In diesem Jahr feiert das Bildungspatenschafts-Projekt des Ökumenischen 1Welt-Kreises im Erbstromtal das 15-jährige Jubiläum. Zurzeit werden 75 Mädchen und Jungen von 68 Paten aus Deutschland, Norwegen, Mexiko, der Schweiz und den USA durch eine Bildungspatenschaft unterstützt. Zu den Paten gehören neben Privatpersonen drei Schulen und zwei Betriebe. Seit 2007 haben 41 Jugendliche dank der Patenschaft erfolgreich eine Berufsausbildung beziehungsweise ein Studium abgeschlossen. Weitere Paten werden dringend gesucht, da es eine lange Warteliste von Kindern gibt. Kontakt: https://ecu1wk.wordpress.com/.

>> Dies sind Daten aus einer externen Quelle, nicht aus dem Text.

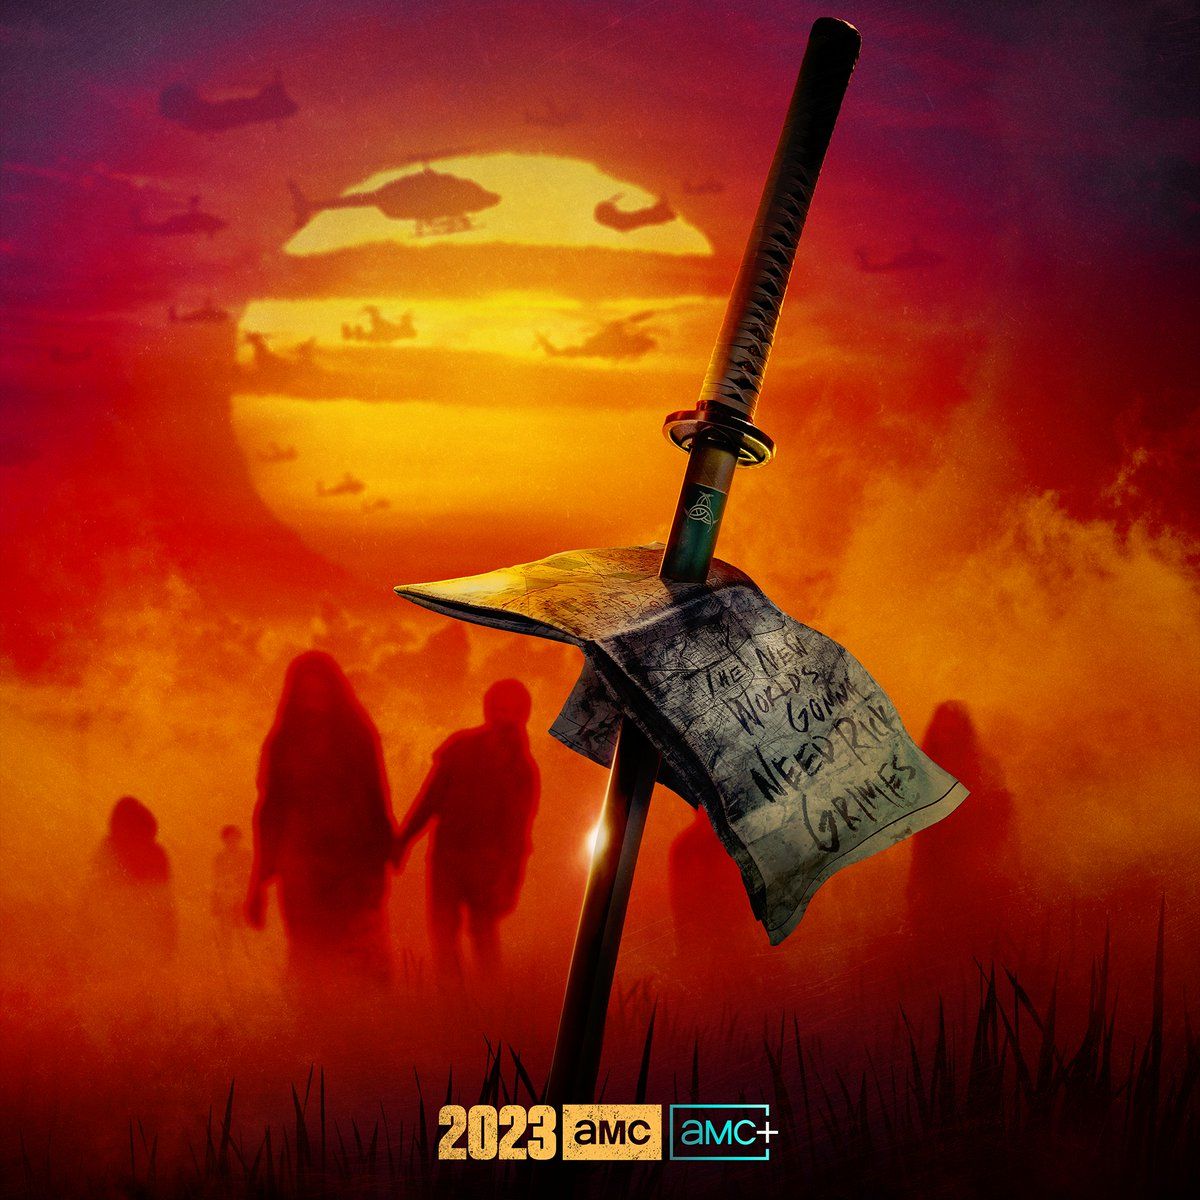 Walking Dead Rick Grimes and Michonne spinoff show teaser poster full size

Im Februar 2007 entstand die Idee für das Vorhaben bei einer Tagung mit Pädagogen, zu der Mitglieder des 1Welt-Kreises nach Kigali in Ruanda eingeladen waren, berichtet Pfarrer Gerhard Reuther aus Ruhla. In dem afrikanischen Land waren beim Massaker an den Tutsis im Jahr 1994 in nur 100 Tagen mehr als 800.000 ruandische Männer, Frauen und Kinder brutal ermordet worden. „Viele Kinder und Jugendliche leiden unter den Nachwirkungen. Wir diskutierten, wie man ihnen helfen kann. Schnell war klar, dass Bildungspatenschaften ein wichtiges Hilfsmittel dazu sind“, so Reuther.

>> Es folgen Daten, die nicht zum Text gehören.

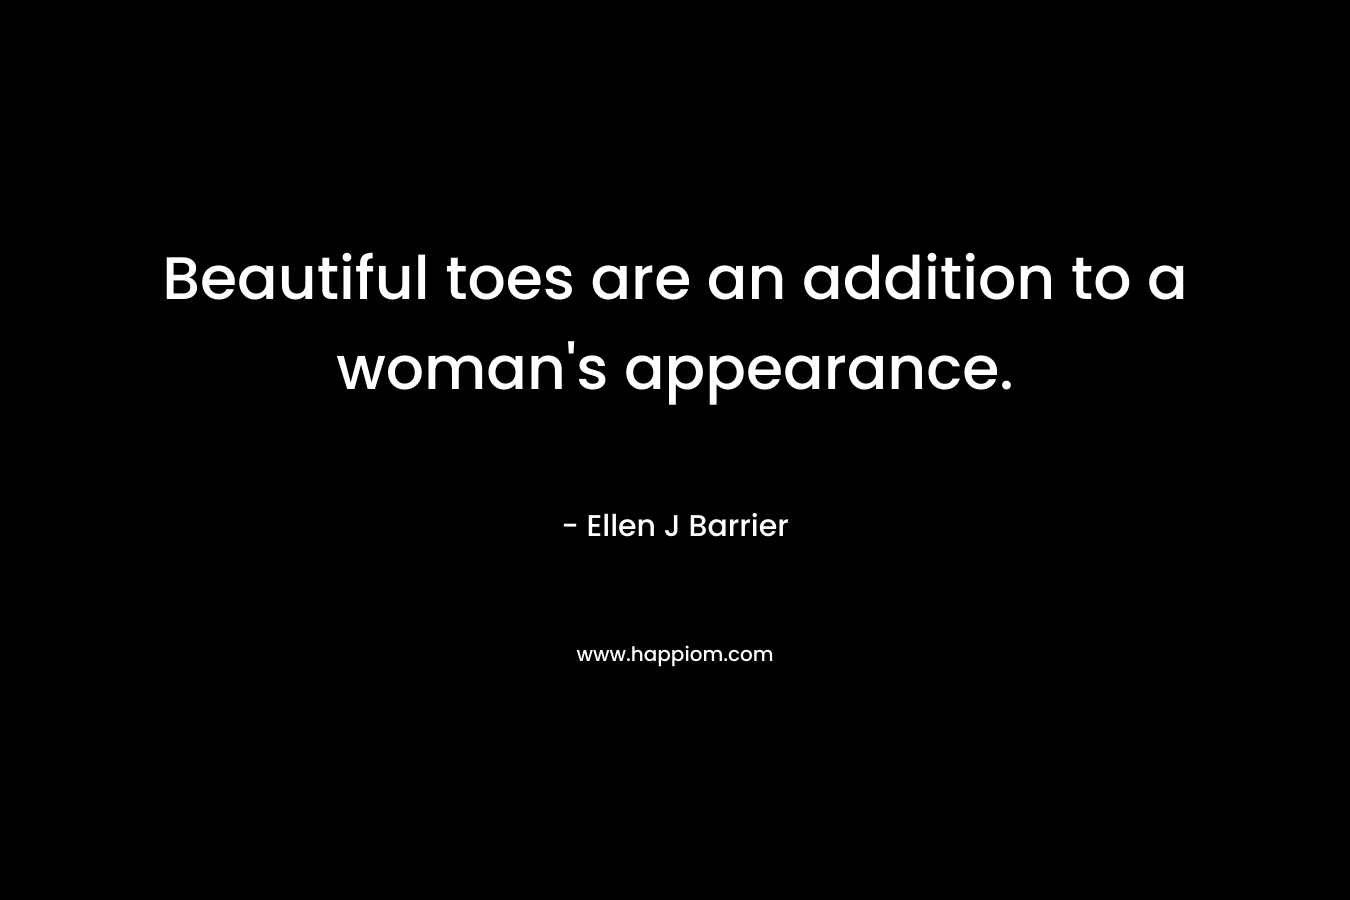 Beautiful toes are an addition to a woman’s appearance. – Ellen J Barrier

Im Gemeindekreis wurde entschieden, neben der zeitlich und inhaltlich begrenzten Unterstützung von weltweiten Projekten in Ruanda ein entsprechendes Programm zu betreiben. Geholfen wird durch die Übernahme von Schulgeld, medizinischen Kosten und erzieherischen Materialien.
Begonnen wurde mit der Übernahme einer Patenschaft für zwei gehörlose Schülerinnen durch ein Ehepaar aus Ruhla. Mittlerweile sind viele Paten daraus geworden. „Doch die Liste der Kinder, die noch auf eine solche Chance warten, ist lang. Paten sind oft der einzige Lichtblick für sie“, betont Reuther. Im Vergleich zu manchen anderen Programmen sieht er hier den Vorteil darin, dass das Geld komplett den Patenkindern zugutekommt und ein persönlicher Kontakt möglich ist.

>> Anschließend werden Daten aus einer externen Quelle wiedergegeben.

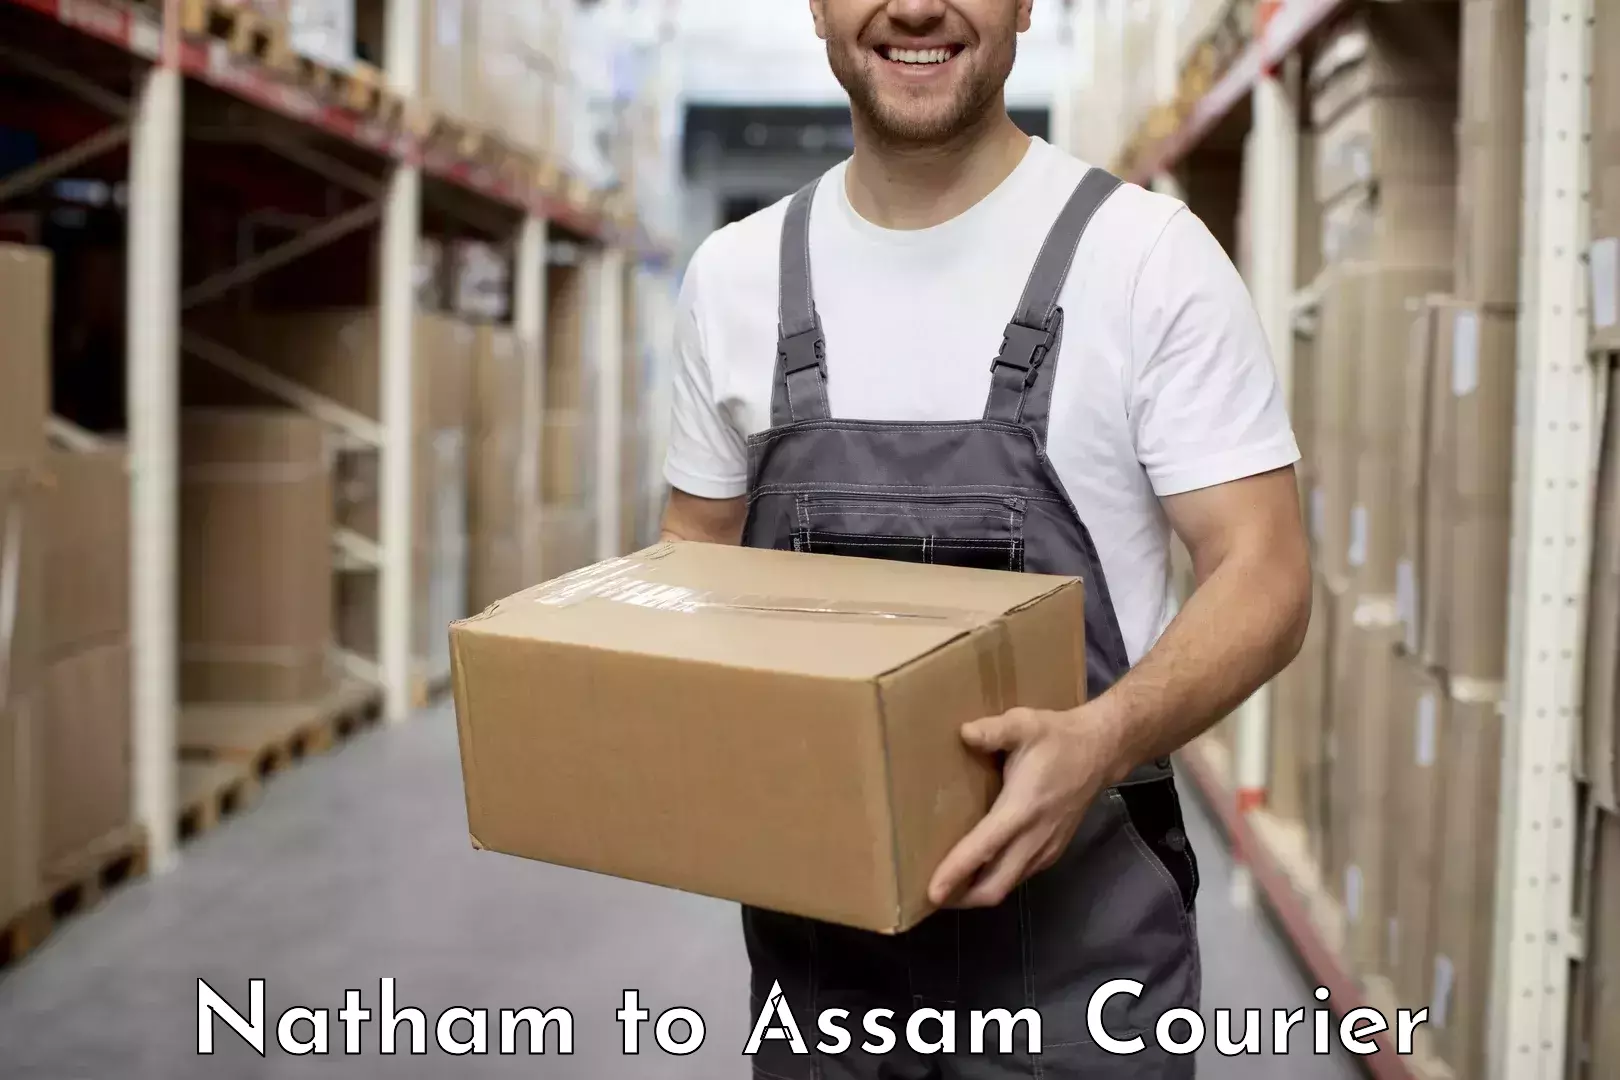 Nationwide parcel services Natham to Assam

Der Pfarrer war im Mai 2022 zum neunten Mal in Ruanda. Auch mehrere Paten besuchten ihr Patenkind im Lauf der Jahre. Das Projekt wird von zwei ehrenamtlichen ruandischen Mitarbeiterinnen in Ruanda geleitet: Laurette Mushimiyimana und Berthilde Musabyemariya.

Im Herbst soll anlässlich des Jubiläums ein Patenschaftstreffen stattfinden: Am 8. Oktober um 16 Uhr, um 19 Uhr schließt sich ein Benefizkonzert an, unter anderem mit dem Gitarristen Libor Fišer (Gitarre).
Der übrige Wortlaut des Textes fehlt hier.